Любопытную аналогию подобрал Кардиа распятию — любопытную и кощунственную. ЕСПЧ признал в 1988 году право Швейцарии запретить книгу для детей о нетрадиционном сексе. Признал, между прочим, подчеркнув, что в Европе «не существует общеевропейской концепции морали», так что каждая страна вправе сама решать, что морально, что нет. Между прочим, такое утверждение опровергает демагогию об «общечеловеческих ценностях». Даже в Европе нет согласия по этических вопросам, что уж о человечестве говорить! Но ведь такой аналогией Кардиа уравнивает религию и секс, крест и кровать. Государство-де имеет право (и обязано) само решать, кто, с кем и как спит, кто и что видит на стене в школе. Потому что граждане не едины в своих взглядах.
Только вот представим, что граждане достигнут единства — и вышвырнут распятия из школ. Что тогда? Кардиа вновь и вновь говорит о «большинстве». Но ведь демократия — не защита прав большинства, а защита меньшинств. Да и «большинство» определяется лукаво — эпиграфом к книге Кардиа делает слова Луиджи Эйнауди о том, что «сообщество верующих состоит не только из людей, живущих сегодня. Оно живёт в поколениях, сменявшихся со времен Христа». При этом цитата бьёт мимо цели, потому что говорит о «сообществе верующих», а не все же граждане Италии — верующие. Но сама идея считать голоса не живых, а живых и мёртвых — глубоко иррациональна, потому что говорить за мёртвых рискованно, да и до какого предела можно дойти? Останется один христианин на планете и будет всеми пытаться командовать, потому что некогда христианами были миллиарды?
Впрочем, никогда и не было «христианского большинства». Была иллюзия, принудительно насаждаемая иллюзия того, что все итальянцы — римо-католики, все русские — православные.
Кардиа в итоге кощунствует:
«Распятие ни в коем случае ничего не навязывает, а просто отражает одну из характеристик идентичности Италии, известную во всем мире и которую никто не взялся бы опровергать» (51).

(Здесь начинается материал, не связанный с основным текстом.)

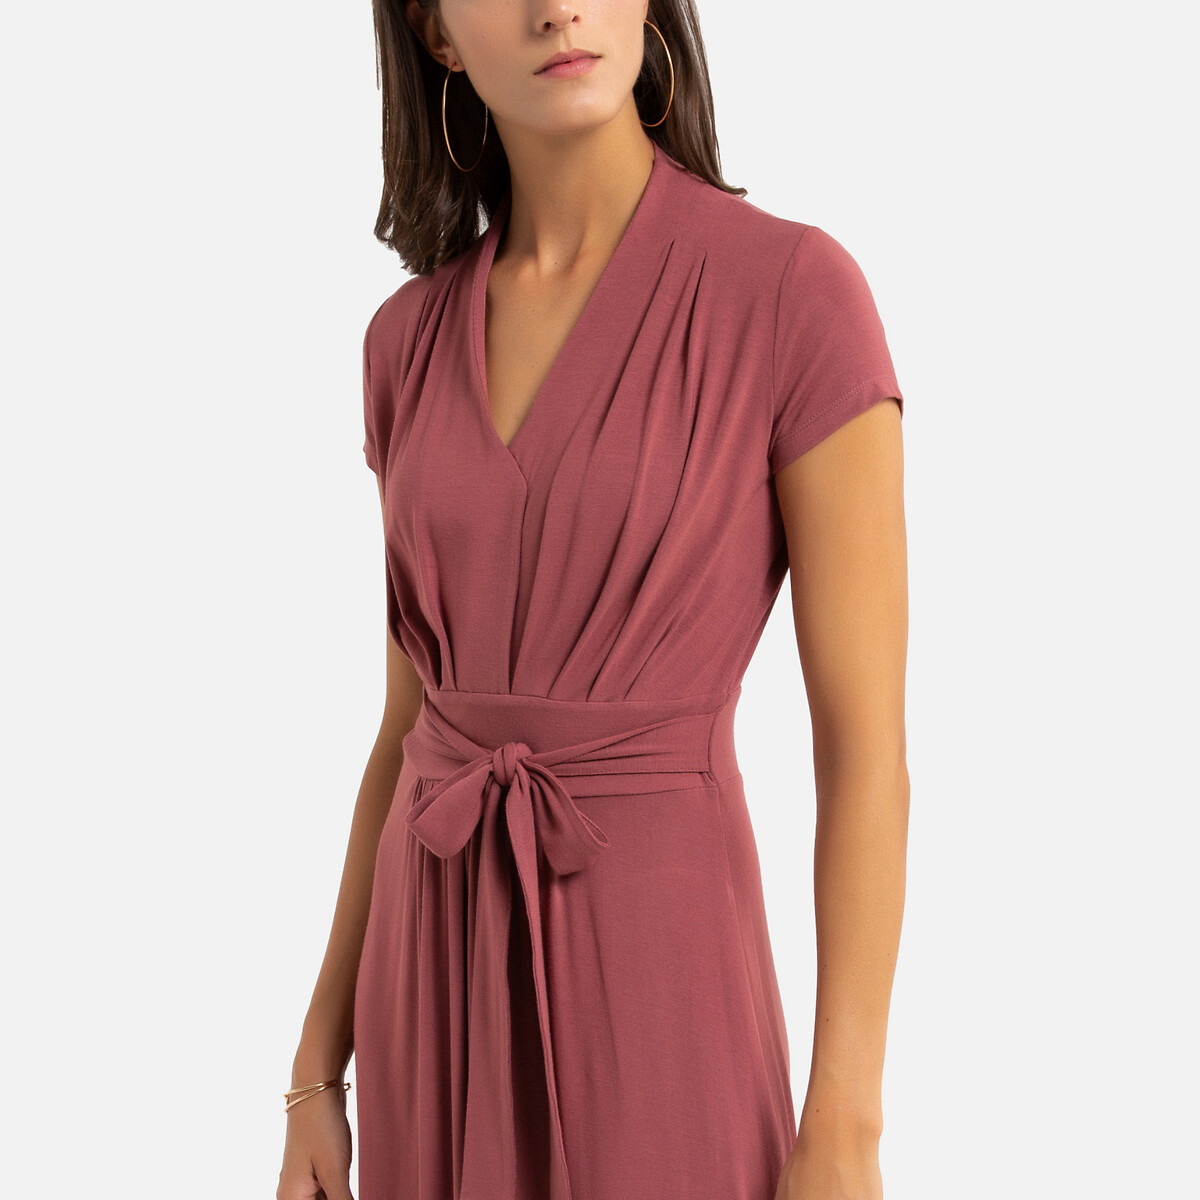 Платье La Redoute Расклешенное 52 (FR) - 58 (RUS) розовый, размер 52 (FR) - 58 (RUS) Расклешенное 52 (FR) - 58 (RUS) розовый - фото 3

Распятие не навязывает? Буква «А» не навязывает звука «а»? Навязывает распятие, навязывает! И слава Богу! Навязывает нечто, не имеющее отношение к Италии и её идентичности. Это распятие, а не пицца или пармезан. Это не об Италии, это — о Иисусе Христе Сыне Божием.
Кардиа, защищая распятия в школах, подчёркивал, что правительство Италии исповедует «позитивный секуляризм», не какой-то американский «негативный». Правительство заключило соглашения с двумя десятками религиозных организаций, включая Свидетелей Иеговы, мормонов, православных, буддистов — и эти организации тоже получили право учить своим религиям в школах, если наберётся достаточно желающих.
С кем не заключили соглашений — чао, бамбини, сорри. Сперва дорастите до такого количества, чтобы с вами стали конкордаты заключать.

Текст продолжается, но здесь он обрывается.